> _RECORDS SUPPLIED_
----------

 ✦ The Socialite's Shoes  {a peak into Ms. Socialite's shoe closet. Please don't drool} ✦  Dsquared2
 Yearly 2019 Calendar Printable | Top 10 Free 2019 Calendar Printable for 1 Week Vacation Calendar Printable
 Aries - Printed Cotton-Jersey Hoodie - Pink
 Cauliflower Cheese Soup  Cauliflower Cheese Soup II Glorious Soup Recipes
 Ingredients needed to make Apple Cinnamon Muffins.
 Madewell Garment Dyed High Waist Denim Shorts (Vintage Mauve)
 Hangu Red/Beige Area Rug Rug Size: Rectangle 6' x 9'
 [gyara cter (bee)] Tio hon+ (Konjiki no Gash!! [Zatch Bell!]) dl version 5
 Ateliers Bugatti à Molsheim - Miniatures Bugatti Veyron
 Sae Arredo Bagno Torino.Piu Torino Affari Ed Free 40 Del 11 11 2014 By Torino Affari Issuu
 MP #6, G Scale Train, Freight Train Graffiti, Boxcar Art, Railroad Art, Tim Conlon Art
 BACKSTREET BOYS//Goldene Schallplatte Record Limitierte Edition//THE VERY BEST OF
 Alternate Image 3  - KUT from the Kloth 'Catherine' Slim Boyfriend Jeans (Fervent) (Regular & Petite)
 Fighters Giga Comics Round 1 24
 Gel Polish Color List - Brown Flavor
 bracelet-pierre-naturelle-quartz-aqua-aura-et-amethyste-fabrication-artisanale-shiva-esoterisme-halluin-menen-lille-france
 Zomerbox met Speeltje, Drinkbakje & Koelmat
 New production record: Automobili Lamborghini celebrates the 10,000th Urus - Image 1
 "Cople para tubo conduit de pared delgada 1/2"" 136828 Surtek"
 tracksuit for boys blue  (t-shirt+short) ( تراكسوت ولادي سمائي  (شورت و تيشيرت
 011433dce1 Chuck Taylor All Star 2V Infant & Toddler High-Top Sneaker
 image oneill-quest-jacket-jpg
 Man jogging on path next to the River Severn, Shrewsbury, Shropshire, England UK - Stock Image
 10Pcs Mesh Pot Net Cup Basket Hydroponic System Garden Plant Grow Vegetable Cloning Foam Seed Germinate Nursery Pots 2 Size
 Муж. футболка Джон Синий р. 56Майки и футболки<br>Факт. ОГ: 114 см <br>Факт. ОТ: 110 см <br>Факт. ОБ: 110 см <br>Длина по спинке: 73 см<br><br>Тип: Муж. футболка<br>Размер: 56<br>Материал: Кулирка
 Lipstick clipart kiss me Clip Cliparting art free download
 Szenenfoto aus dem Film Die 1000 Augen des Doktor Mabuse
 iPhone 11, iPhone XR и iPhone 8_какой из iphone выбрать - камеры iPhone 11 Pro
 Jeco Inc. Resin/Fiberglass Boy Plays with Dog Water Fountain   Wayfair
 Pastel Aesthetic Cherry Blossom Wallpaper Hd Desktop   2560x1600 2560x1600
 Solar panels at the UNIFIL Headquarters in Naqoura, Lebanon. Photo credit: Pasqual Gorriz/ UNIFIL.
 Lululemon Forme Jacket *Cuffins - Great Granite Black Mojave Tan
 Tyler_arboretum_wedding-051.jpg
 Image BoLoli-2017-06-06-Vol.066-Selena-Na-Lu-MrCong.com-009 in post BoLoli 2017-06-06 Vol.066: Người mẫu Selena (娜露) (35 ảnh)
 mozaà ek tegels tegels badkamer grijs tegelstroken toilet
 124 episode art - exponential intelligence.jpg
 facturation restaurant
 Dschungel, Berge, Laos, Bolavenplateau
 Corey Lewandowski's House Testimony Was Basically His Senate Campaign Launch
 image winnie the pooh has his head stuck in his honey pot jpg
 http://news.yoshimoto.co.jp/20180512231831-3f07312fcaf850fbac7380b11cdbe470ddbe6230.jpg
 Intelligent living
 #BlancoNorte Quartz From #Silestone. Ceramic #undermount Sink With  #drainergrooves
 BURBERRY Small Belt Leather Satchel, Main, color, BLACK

----------

> _WHAT YOU HAVE TO DO_
Copy, with no alteration, the line that contains "Lipstick clipart kiss" and each remaining line of the listing above.

> _SOLUTION TO THE EXERCISE_
 Lipstick clipart kiss me Clip Cliparting art free download
 Szenenfoto aus dem Film Die 1000 Augen des Doktor Mabuse
 iPhone 11, iPhone XR и iPhone 8_какой из iphone выбрать - камеры iPhone 11 Pro
 Jeco Inc. Resin/Fiberglass Boy Plays with Dog Water Fountain   Wayfair
 Pastel Aesthetic Cherry Blossom Wallpaper Hd Desktop   2560x1600 2560x1600
 Solar panels at the UNIFIL Headquarters in Naqoura, Lebanon. Photo credit: Pasqual Gorriz/ UNIFIL.
 Lululemon Forme Jacket *Cuffins - Great Granite Black Mojave Tan
 Tyler_arboretum_wedding-051.jpg
 Image BoLoli-2017-06-06-Vol.066-Selena-Na-Lu-MrCong.com-009 in post BoLoli 2017-06-06 Vol.066: Người mẫu Selena (娜露) (35 ảnh)
 mozaà ek tegels tegels badkamer grijs tegelstroken toilet
 124 episode art - exponential intelligence.jpg
 facturation restaurant
 Dschungel, Berge, Laos, Bolavenplateau
 Corey Lewandowski's House Testimony Was Basically His Senate Campaign Launch
 image winnie the pooh has his head stuck in his honey pot jpg
 http://news.yoshimoto.co.jp/20180512231831-3f07312fcaf850fbac7380b11cdbe470ddbe6230.jpg
 Intelligent living
 #BlancoNorte Quartz From #Silestone. Ceramic #undermount Sink With  #drainergrooves
 BURBERRY Small Belt Leather Satchel, Main, color, BLACK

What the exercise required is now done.